Thinking is more decisive and less thinking loops with wait what if... occur, also at first glance produces less syntactic errors in code.
Thanks for your interesting comparison. I think the claude AI got confused analyzing the models though. There is no Q3 level quant
in Q6_K_H by design, Q3 only exists in Q4_K_H. I do agree the Q6_K_H quant of this model seems quite good, close to if not the
best RL reasoner I have used to date. performance / size ratio is through the roof on this thing.
Everywhere i see focus on kld and ppl but this doesnt consider thinking overhead and efficiency that directly translates to context bloat if model is not thinking how it should. Maybe thinking tokens length average vs unqantized version of the model should be standard for evaluation on how qunatization degrades model. Bottom line model thinking should be part of benchmark strategy evaluation for quants.

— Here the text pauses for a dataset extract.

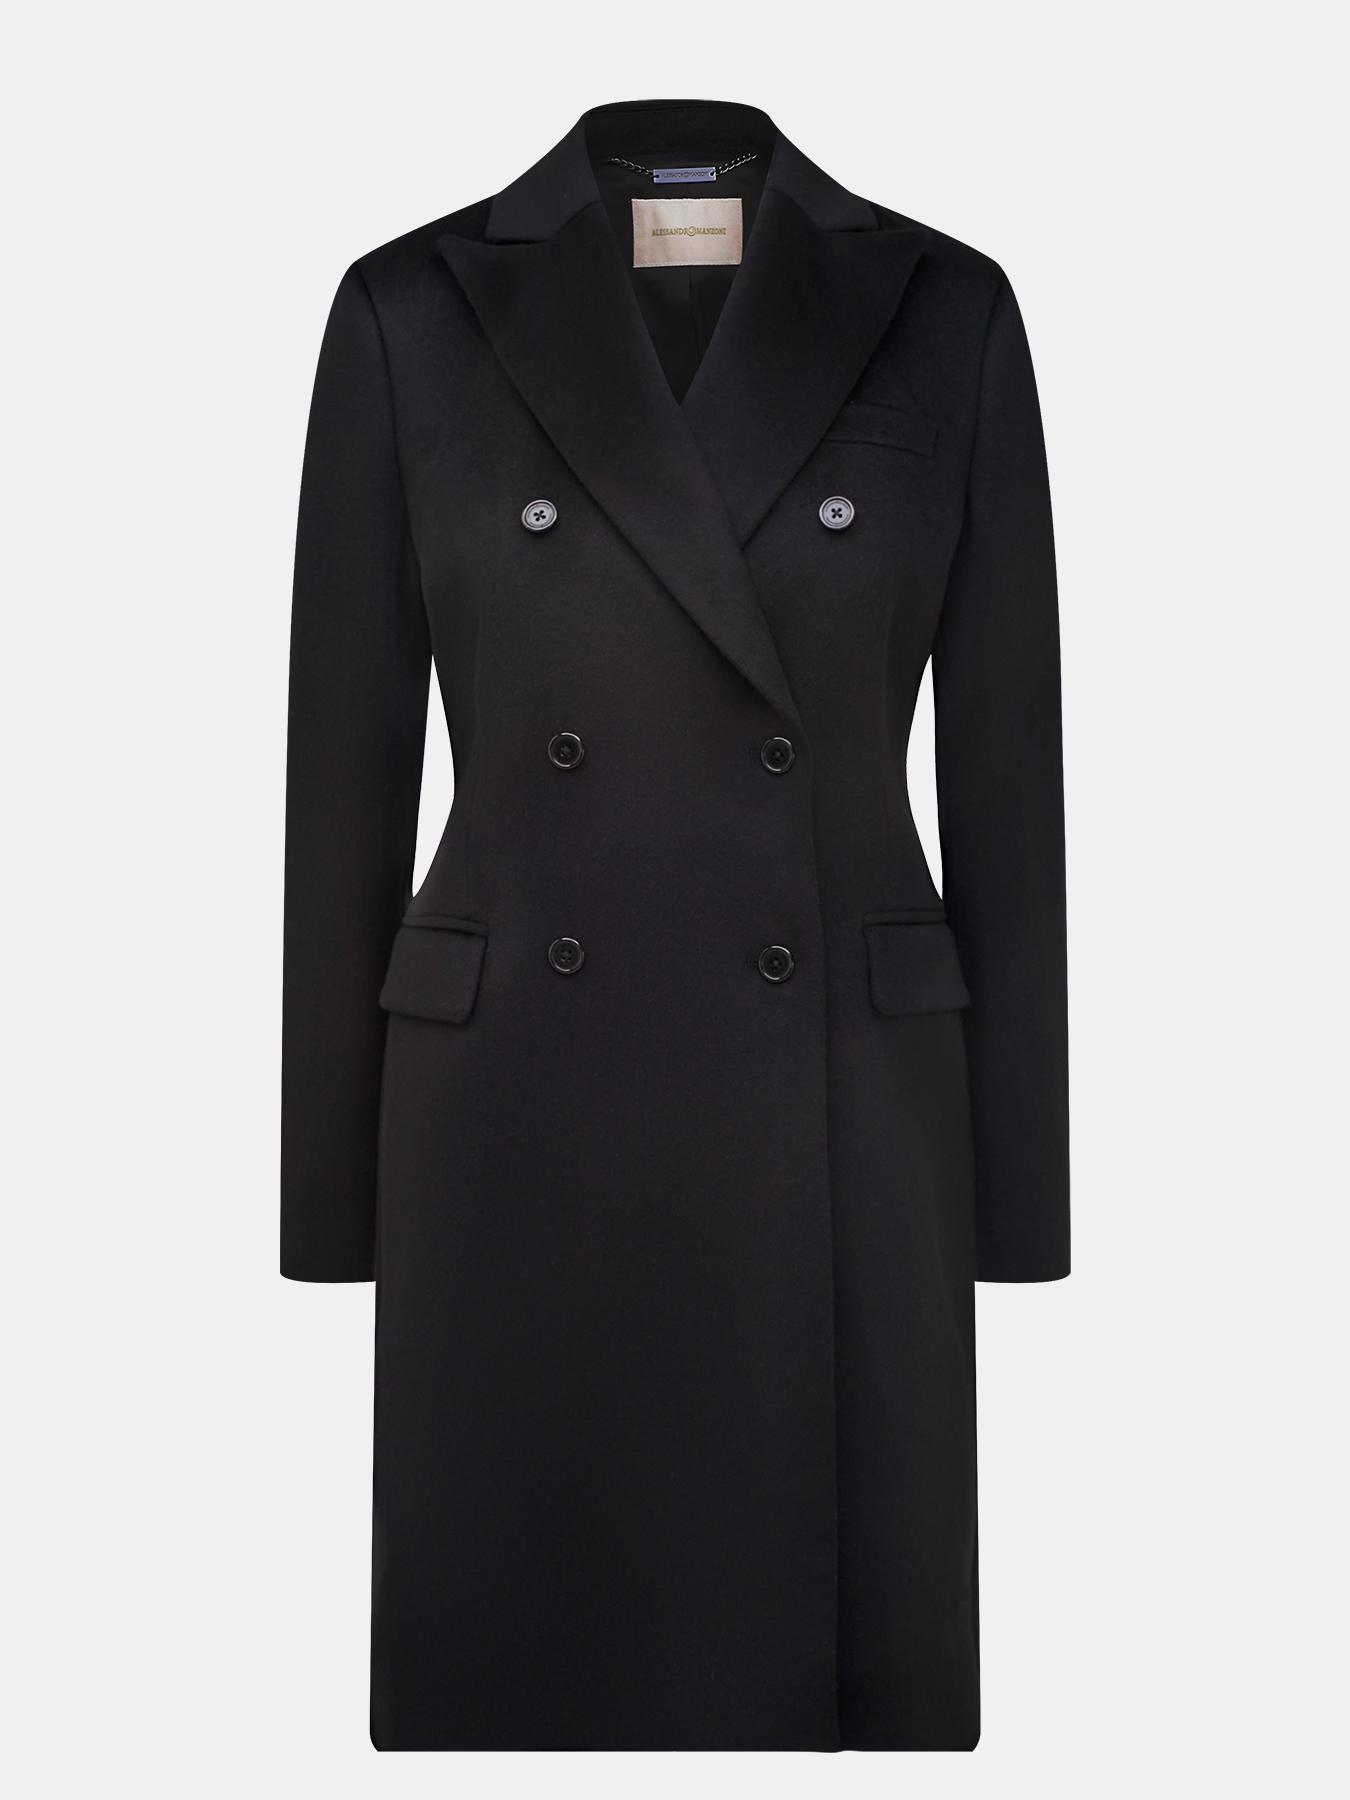 Фото - Пальто Alessandro Manzoni Пальто пальто kata binska пальто длинные

There is huge difference when two quants produce same result but one takes fraction of tokens on average to get there.
I cant stress enough how much more reliable your model feels when coding compared to other Q4-Q5 quants i tested.
Everywhere i see focus on kld and ppl but this doesnt consider thinking overhead and efficiency that directly translates to context bloat if model is not thinking how it should. Maybe thinking tokens length average vs unqantized version of the model should be standard for evaluation on how qunatization degrades model. Bottom line model thinking should be part of benchmark strategy evaluation for quants.
PPL is next to useless and even falls into misleading territory as any kind of ground truth quality metric (lower relative PPL on the same model may not give better performance). I mainly use it as a very rough regression metric to compare against to check if inference engine either broke or changed significantly compare to the time the quant was created. KLD is also just another relative comparison metric.
There is huge difference when two quants produce same result but one takes fraction of tokens on average to get there.
I hypothesized the GLM creators may have been rewarding the model for efficient solutions during instruct tune on one of their extremely strong RL releases. I believe this strategy should be used across the board for all RL model training. If the model gives two correct answers but one takes a large number more tokens, the shorter correct answer one should be jammed into the backprop gradients on subsequent training cycles to give it more weight. When I optimize the model layer quants I select for both correctness and avoidance of infinite repeat loops, given that the quant alone has some control over this, the model training itself should also be able to employ such a strategy very effectively.
I cant stress enough how much more reliable your model feels when coding compared to other Q4-Q5 quants i tested.
Thanks, appreciate your feedback and comments very much.